Если трясет — значит здоров. Потеют ладони — замечательно. Слышишь, как сердце бьется, — все в порядке! Живем! Вперед и с песнями.
На Невском, в толпе, — глаза смотрят, ноги идут. Части тела колыхаются. Помни, что ты женщина.
Он сказал: «Мы установим свой флаг, и поплывем в будущее».
Какое будущее? Чей флаг-то? Флаг-то чей?
Поймал за руку, и пообещал, что позвонит. Так я же замужем. Я тоже, сказал и засмеялся. Я вас, девушка, всю жизнь искал.
Я не девушка, замужняя я.
Платье на мне синее, сертификатное, и макияж.
Макияж разработан для такого именно настроения, для депрессивного моего состояния.
Макияж и я, мы идем по Невскому. За нами — этот белобрысый, наглый. Я, говорит, во всех портах побывал, а вас там, незнакомка, не было. Незнакомкой можно обзывать вас, а девушка? То есть, дамочка. Вот вам мой телефон, позвоните.
И ведь позвонила-таки.
Вот оно как все было-то. Сидела на кухне в его рубашке, и рубашка не сходилась на груди, и курила тонкие длинные сигареты, и кончики пальцев холодели, и темнело балконное окно, за которым — гора бутылок и каких-то коробок. И лихорадило со страшной силой — от узнавания: он? не он?

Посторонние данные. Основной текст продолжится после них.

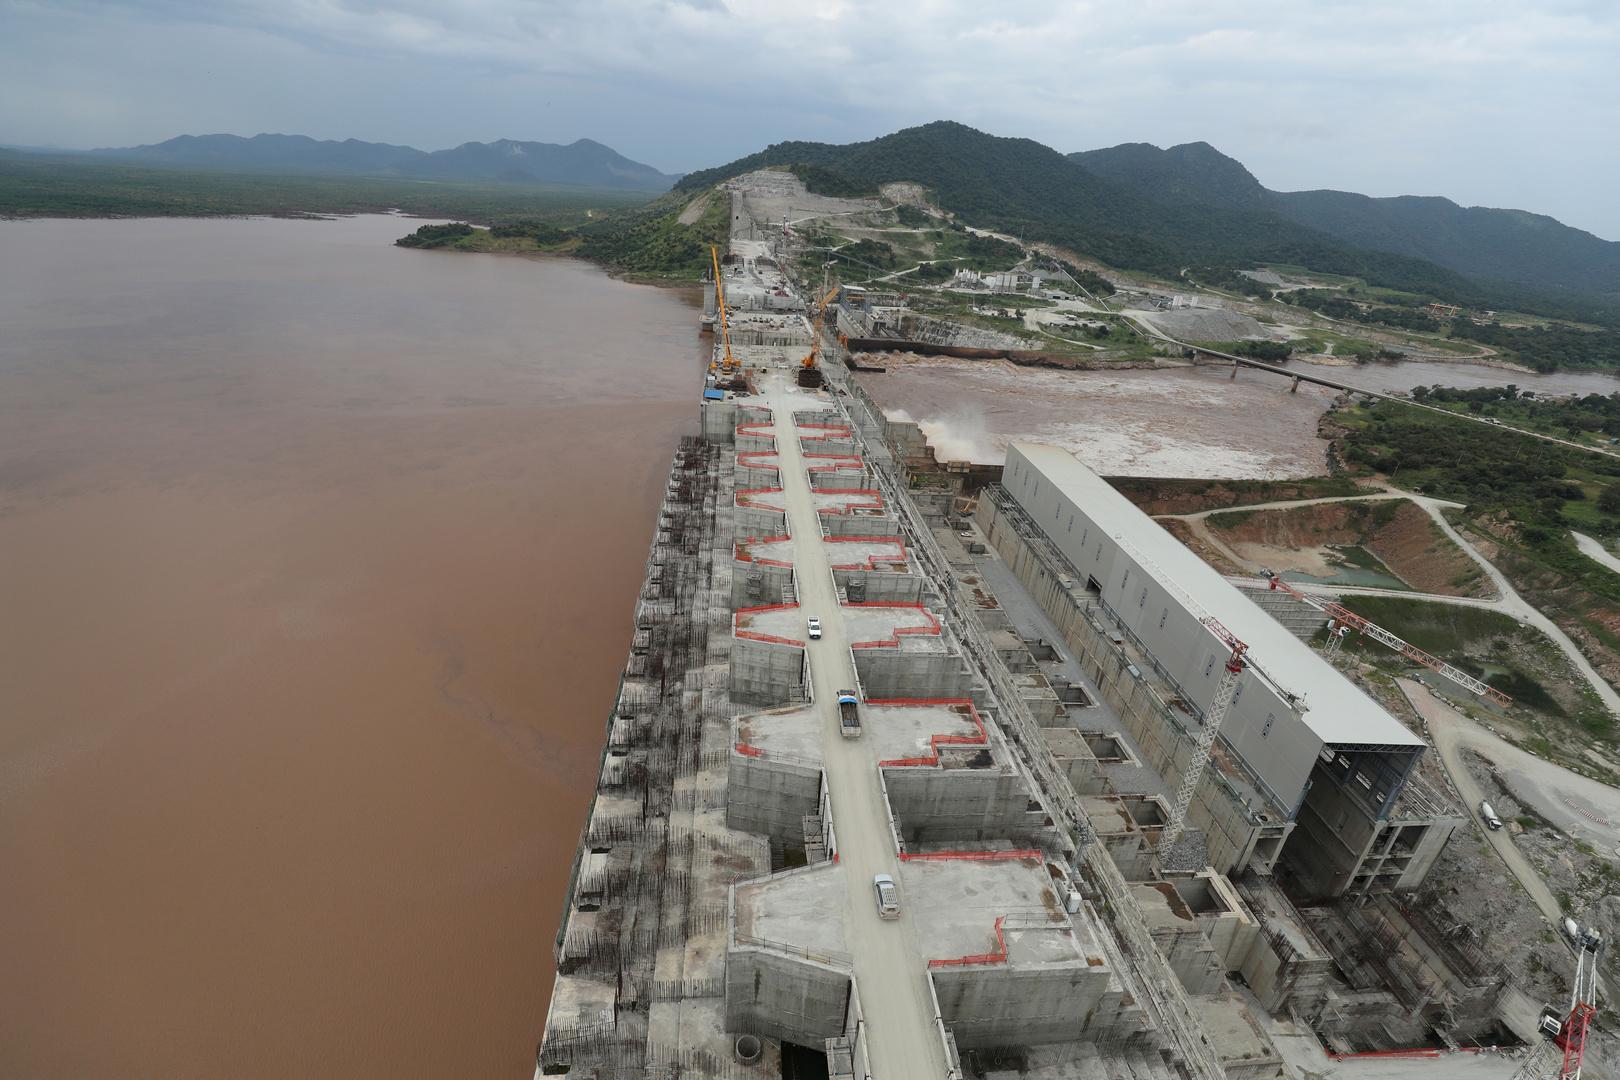 وزارة الري: 74 مليار م 3 مياه سوف تجتاح مصر والسودان في حالة انهيار سد النهضة

Сажал в автобус, и кричал у подножки: я позвоню, слышь, я завтра же позвоню!..
Вот это все было. А потом уже начались обычные дела. Приходил — молчал. Таскал по подворотням. Говорил о чем-то туманно и обрывисто. Исчезал на недели, потом появлялся внезапно, лихорадочно. Один раз, после такого вот недельного исчезновения позвонил на работу, и девчонки очень так удивлялись. Позвонил, и говорит: я все понял, я думал, и я все понял. Мне тебя прямо сейчас абсолютно срочно увидеть надо. Надела косыночку турецкую и пошла.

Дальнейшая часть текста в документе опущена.